2 publicly visible posts • joined 13 Jun 2017

Germany puts halt on European unitary patent

Bryan Hayes

Re: Article 20 of the German Constitution strictly forbids ...

Wait and see.

Constitutional law is something most people are not really competent at. And the functionary syndicate consisting of all established parties, NGOs, media people have a rather tight grip on public optinion, the courts, the universities, the schools etc.

Bryan Hayes

Re: Article 20 of the German Constitution strictly forbids ...

No, that is not right. It is not about the actual enforcement, it is about the decision-making. So if a patent-office would make a decision that some patent application is OK then any offence would be a crime, possibly leading to punishment of German citizens or inhabitants. What I said is that such a decision must be done by a gremium with at least one officially appointed German official and that such gremiums must make all their decisions unanimously; but this is probably not the case. For this reason such an organisation would be illegal by German law (and in fact probably by the laws/constituions of most countries in the world).

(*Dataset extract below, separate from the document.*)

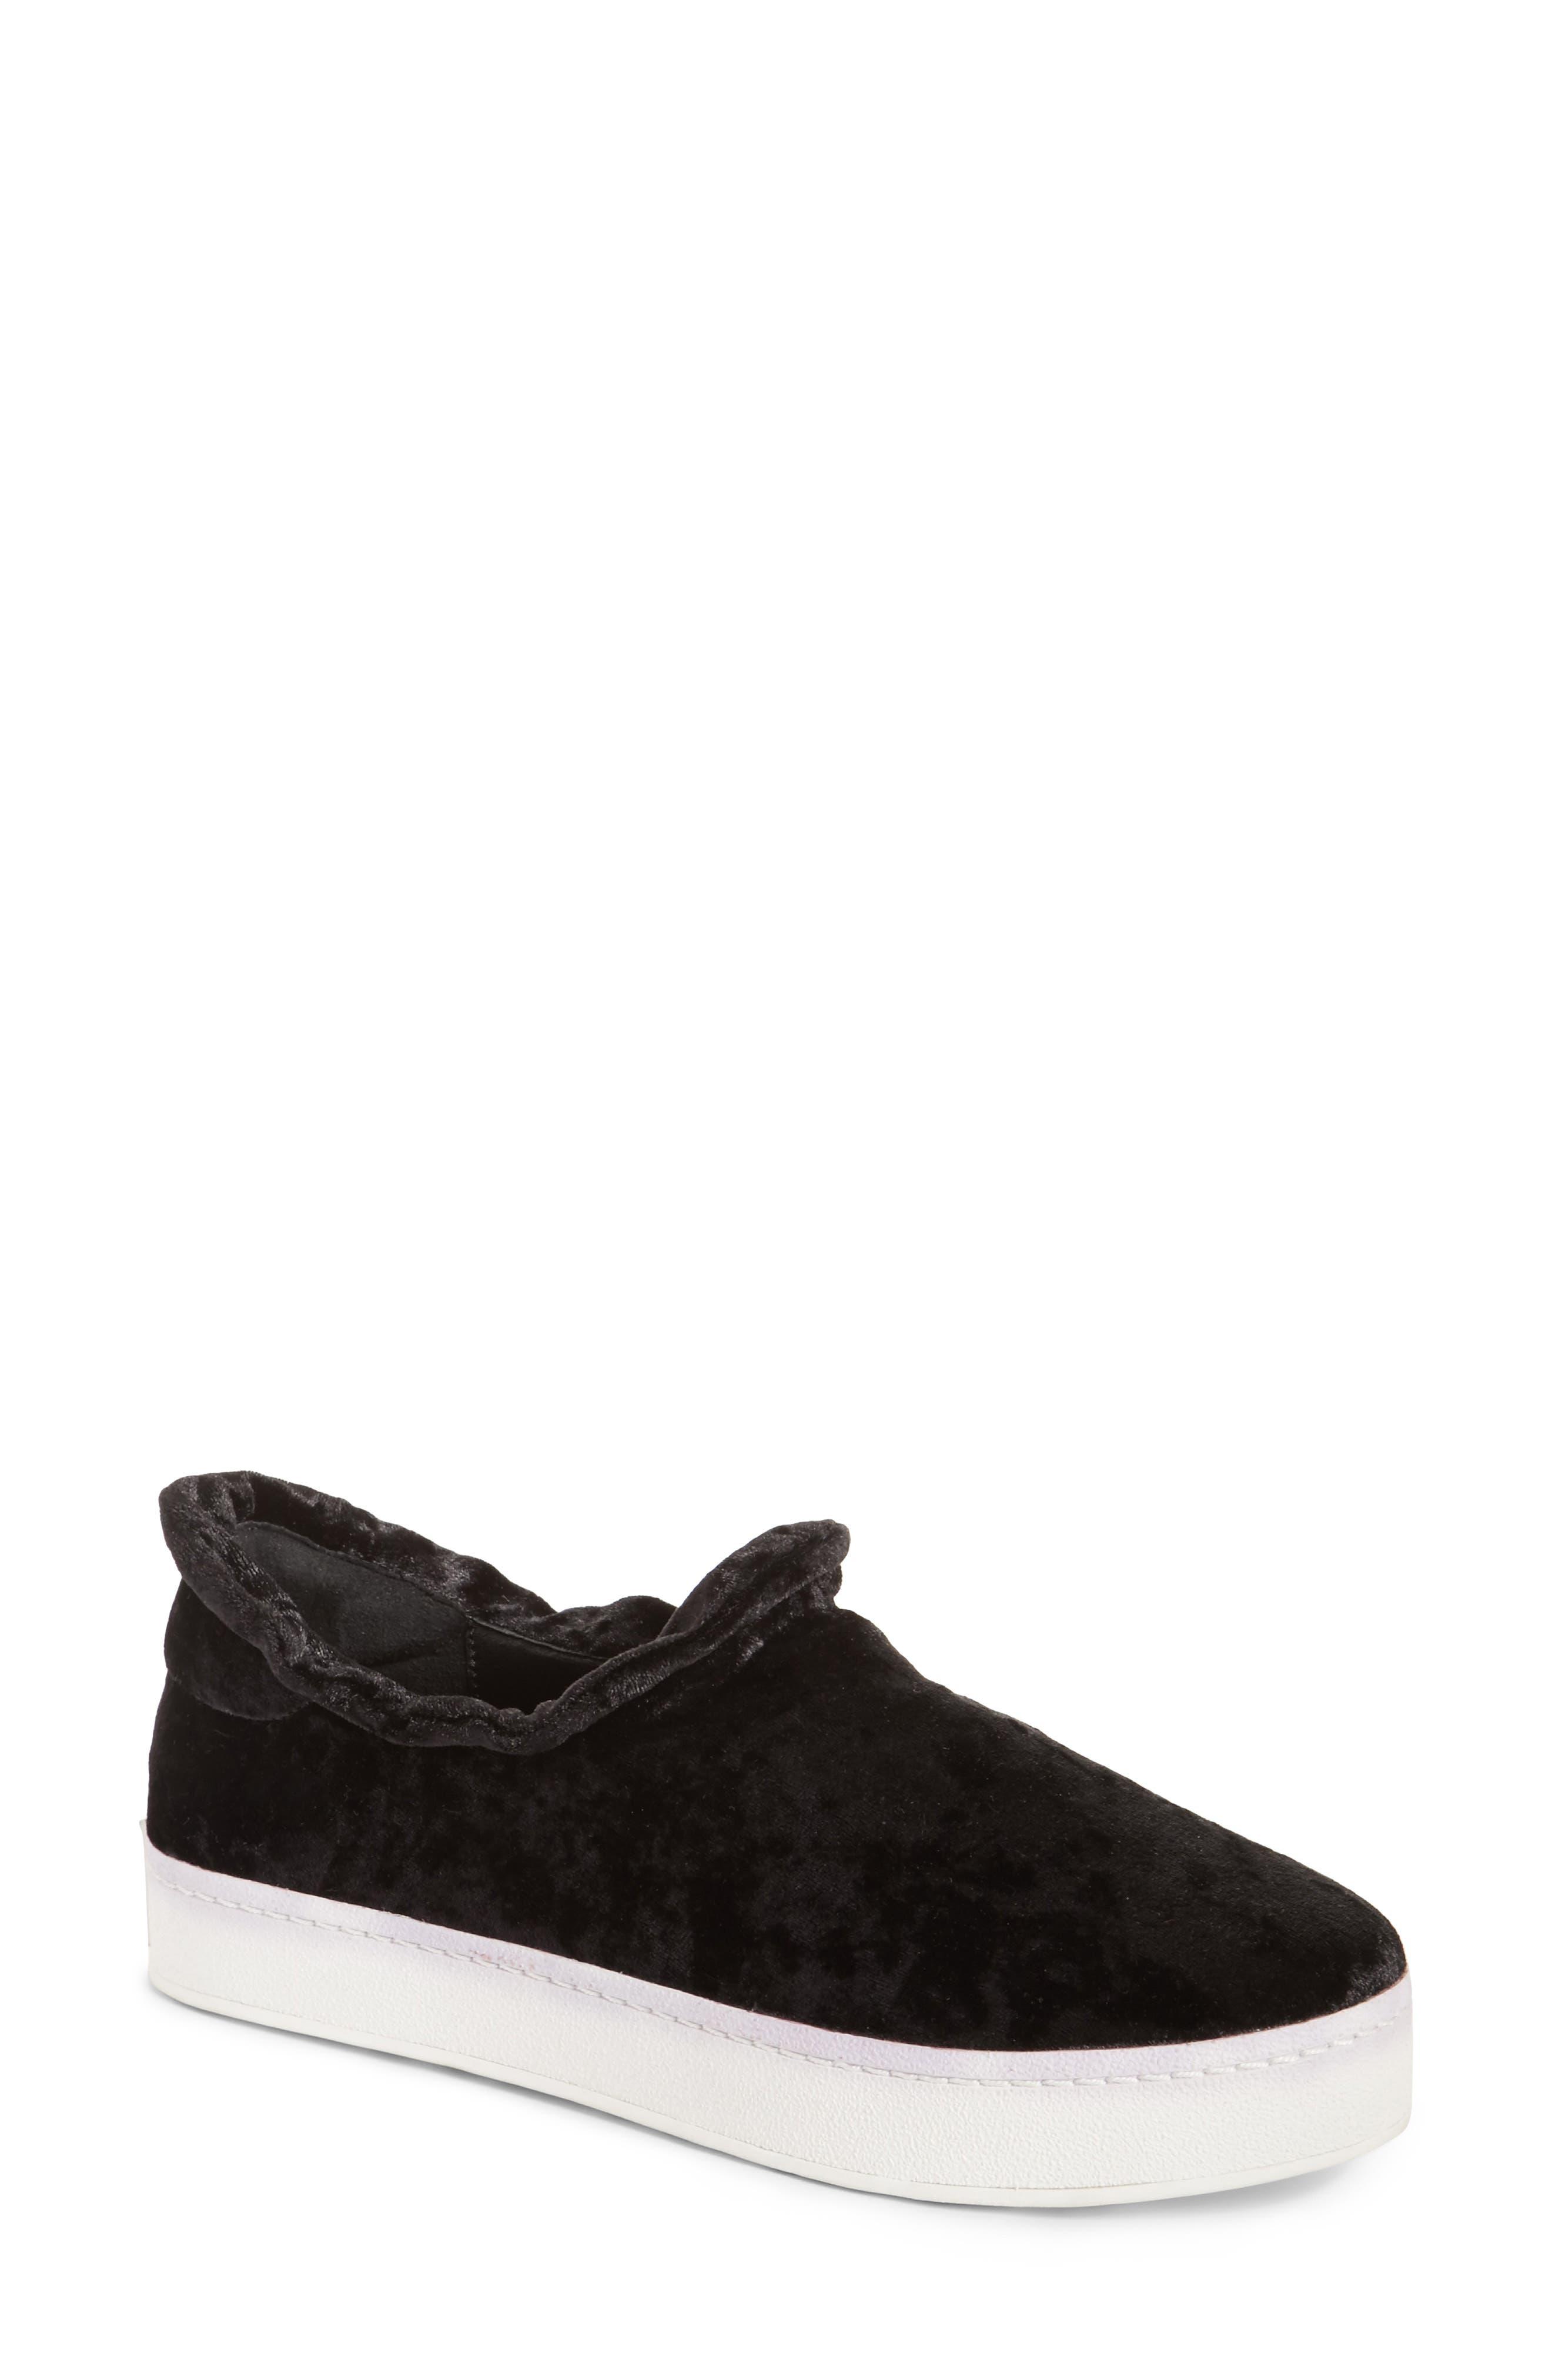 Cici Velvet Ruffle Slip-On Sneaker,                             Main thumbnail 1, color,                             001

International treaties are partly a different topic, because here you in most cases you simply have the treaty which is fixed; there is no organisation which makes any decisions later on. Please also note that a treaty by definition is agreed upon unanimously; this is part of the definition of a treaty.

The implication of Article 20 however, is far greater: It explictily forbids most of the EU organisations incl. the EU commission, the EU (fake-)parliarment, most the EU administrations etc. This is the real importance of Article 20.